How to find pairs with product greater than sum

Question

Supposing that we have a array C with all element in C > 0

A pair of indices (a, b) is multiplicative if 0 ≤ a < b < N and C[a] * C[b] ≥ C[a] + C[b]. with the time-complexity is O ( n )

• expected worst-case time complexity is O(N);

I appreciate your help in supporting this case. Thanks.

Answer 1

The O(N) solution is here.

It is supposed that elements in the array are sorted in non-decreasing order. If the array is not sorted, then worst-time complexity O(N) is unreacheble.

The original condition C[a] * C[b] ≥ C[a] + C[b] can easily be expressed as C[b] ≥ C[a] / (C[a] - 1)

So, Looking at the graph of C[a] / (C[a] - 1) ...

...we can see that:

1. If 0 ≤ C[a] < 1, then (a, b) is multiplicative only if C[a] = 0
2. If 1 < C[a] < 2, then C[a] / (C[a] - 1) > 2, therefore C[b] > 2. So, C[b] > C[a], but this is impossible because C[a] ≥ C[b] (because the array is sorted).
3. If C[a] > 2 then the pair is multiplicative for any C[b] where C[b] ≥ C[a] / (C[a] - 1)
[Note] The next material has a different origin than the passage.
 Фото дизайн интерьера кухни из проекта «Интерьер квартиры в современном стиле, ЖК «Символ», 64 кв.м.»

So, the code in C# may look like:

int count_pairs(double[] C)
{
  int result = 0;
  int len = C.Length;

  if (len > 1)
  {
    int lo_index;
    int hi_index = len - 1;

    // Skip all C[i] less than 1
    for (lo_index = 0; lo_index < len; lo_index++)
    {
      if (C[lo_index] > 1)
        break;
    }

    while (hi_index > lo_index)
    {
      double v = C[hi_index] / (C[hi_index] - 1);

      while (lo_index < hi_index && C[lo_index] < v)
      {
        lo_index++;
      }

      if (lo_index == hi_index)
        break;

      result += (hi_index - lo_index);

      hi_index--;

    }
  }
  return result;  
}

Answer 2

As always with competition problems, you have to solve the problem before you code it. In this case you'll need some basic algebra. I'll ignore the strange formatting of numbers and operate only on C.
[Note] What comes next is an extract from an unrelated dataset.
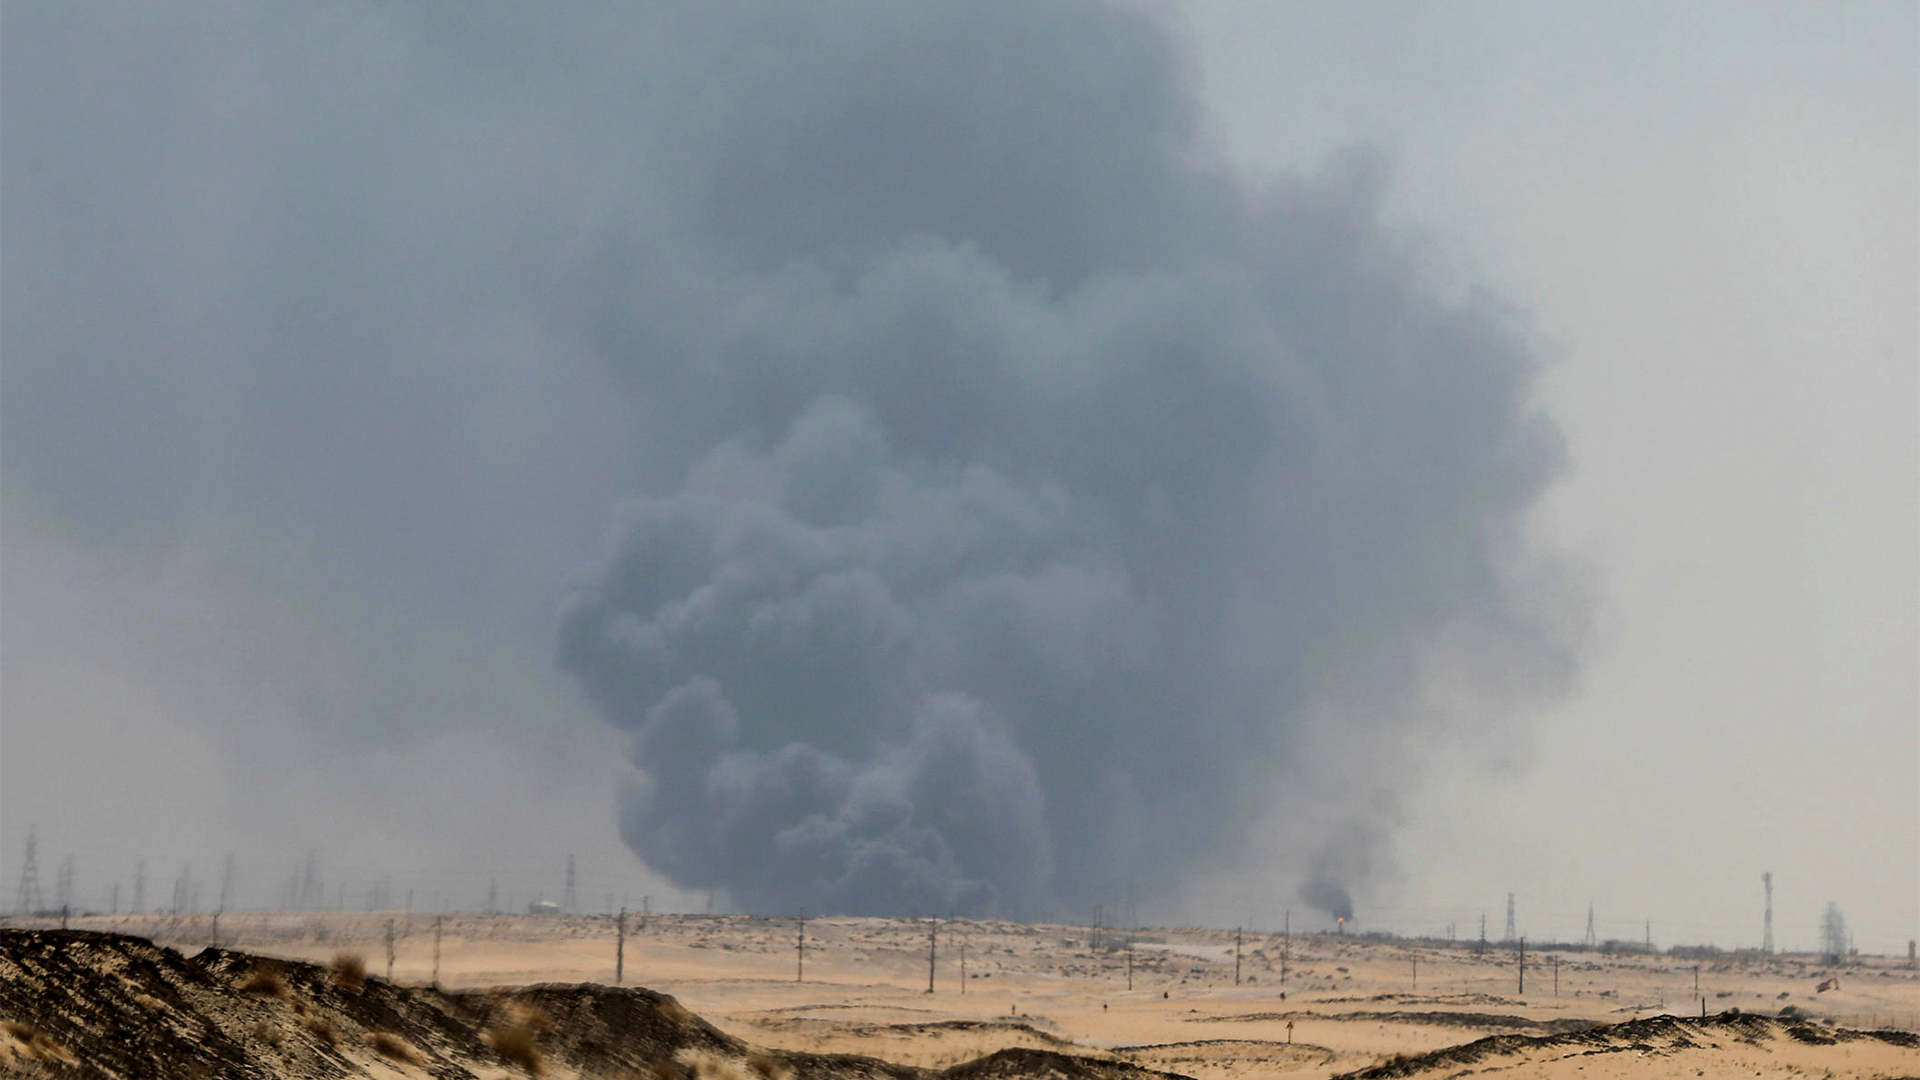 Rauchschwaden am Himmel nach dem Drohnenangriff auf eine Ölraffinerie | REUTERS

So, given a non-negative number a, what non-negative number b would yield a * b >= a + b?
a * b >= a + b => b * (a-1) >= a
Now, we have 4 cases:

1. 0 < a < 1. In this case the next step is b <= a / (a-1). Note that the RHS is negative, while b is non-negative. Hence there are no such b
2. a == 0. Next step is -b >= 0, hence, since b is non-negative, b == 0
3. a == 1. Next step is b * 0 >= 1 which simplifies to false. Hence, there are no such b
4. 1 < a. Next step is b >= a / (a-1). This is the only non-trivial case.

This, in itself, already gives you an O(N* log(N)) algorithm:
Iterate through the array keeping the sum. For each number, if it is 0, find the number of 0s in the array and add them to the sum. If it is 0 < num <= 1, add 0. If it is > 1, add the number of values >= num / (num-1). Since the array is ascending you can use binary search to find those values in log(N) time, giving you a total N * log(N) worstcase runtime (And O(N) best runtime, in case all values are the noops - between 0 and 1)

To make the last step to optimize the algorithm even further to O(N) you need to observe how the function x / (x-1) behaves when x > 1 and x is growing (i.e. what will your search target be as you iterate through the array).